These days, residents are understandably uneasy when they open their doors to people they don’t know, says County Commissioner Wayne Dukes.
That’s why Dukes believes it is important for county employees to have recognizable uniforms with easily identifiable identifications when they knock at the door.
At Tuesday’s county commission meeting, Dukes brought it to the attention of his colleagues that at least one department official told her employees they could wear blue jeans or other casual attire.
“I have a problem with that,” Dukes said.
Dukes directed the county administrator to look into the matter and report back at the April meeting.
“These folks are going out on job sites, meeting the public,” Dukes said. “It’s important that if you’re going to come out and mingle with the public that it’s obvious who you are.”
Jodi Singer, operations manager for the county development department, confirmed that she and Building Official Frank Baxter have approved her employees to wear what she calls “business casual” attire — including blue jeans and polo shirts — instead of the standard-issue khaki pants and green or white shirt.
The department is attempting to transition away from the county’s uniform policy and create its own internal dress code to save employees and taxpayers’ money, she said. The county administrator continues to look into the change in policy, Singer said.
“We’re working on an internal dress code so we have some kind of consistency,” Singer said.
If it passes administration muster, other departments may break with the county’s uniform policy and consider other dress schemes.

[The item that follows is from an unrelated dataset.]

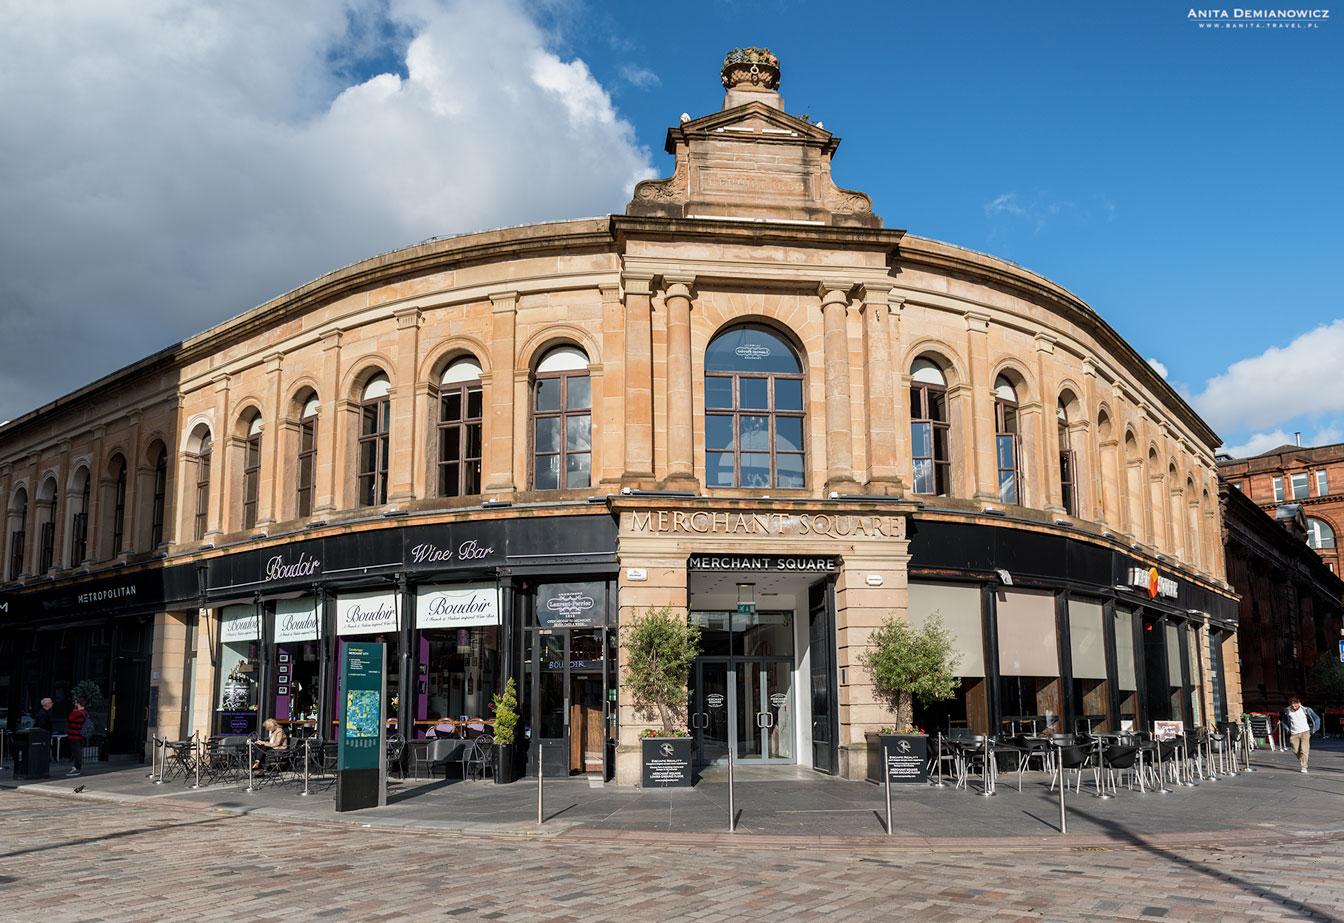 Merchant Square, Szkocja, Glasgow

Singer shares Dukes’ concern about proper decorum when dealing with the public and that’s why the employees, mainly affecting the six inspectors, must wear badges and have county-issued identification to show customers.
Singer said there is no reason for residents to be alarmed because, most times, inspectors visit job sites without contacting the public.
But on those instances where they do, such as a home inspection, they would have a previously scheduled appointment, arrive in a county vehicle and have to display proper ID, she said.
Hernando County’s uniform policy already gives department directors some latitude. It requires them to “identify the positions within their respective department for which the wearing of a uniform is required.”
“Department directors should ensure that uniforms are absolutely necessary,” the policy reads.
The policy said directors who require employees to wear uniforms must include money for them and replacement uniforms in their annual budgets.
Assistant County Finance Director Francis Pioszak said the IRS is vague when it comes to the definition of what constitutes street wear.
“The IRS has rules for everything and there are certain specific guidelines as to what is considered street wear,” she said.
Pioszak said she has submitted to the Internal Revenue Service a list of the county’s uniform descriptions and is awaiting guidance, specifically on whether the IRS includes the taxability of uniforms as an employee benefit.
Fernando Echevarria, federal, state and local government specialist for the IRS, said he knows of no legislation or tax code changes regarding uniforms looming for government entities.
Echevarria said the rules on county-issued uniforms can be complicated and the rules on whether they can be declared on taxes depends on whether their outfits can double as street clothes.
Echevarria said the mode of dress ultimately doesn’t matter as much as whether the employee has the proper identification.
While uniforms are more important in the law enforcement arena, it doesn’t hold the same weight in the clerical or government sphere, he said.
For example, anyone can purchase a pair of khaki pants or a green shirt and pass off as a building inspector, he said
“A garment of clothing does not identify you as any employee of any organization,” Echevarria said. “It’s the credentials you carry.”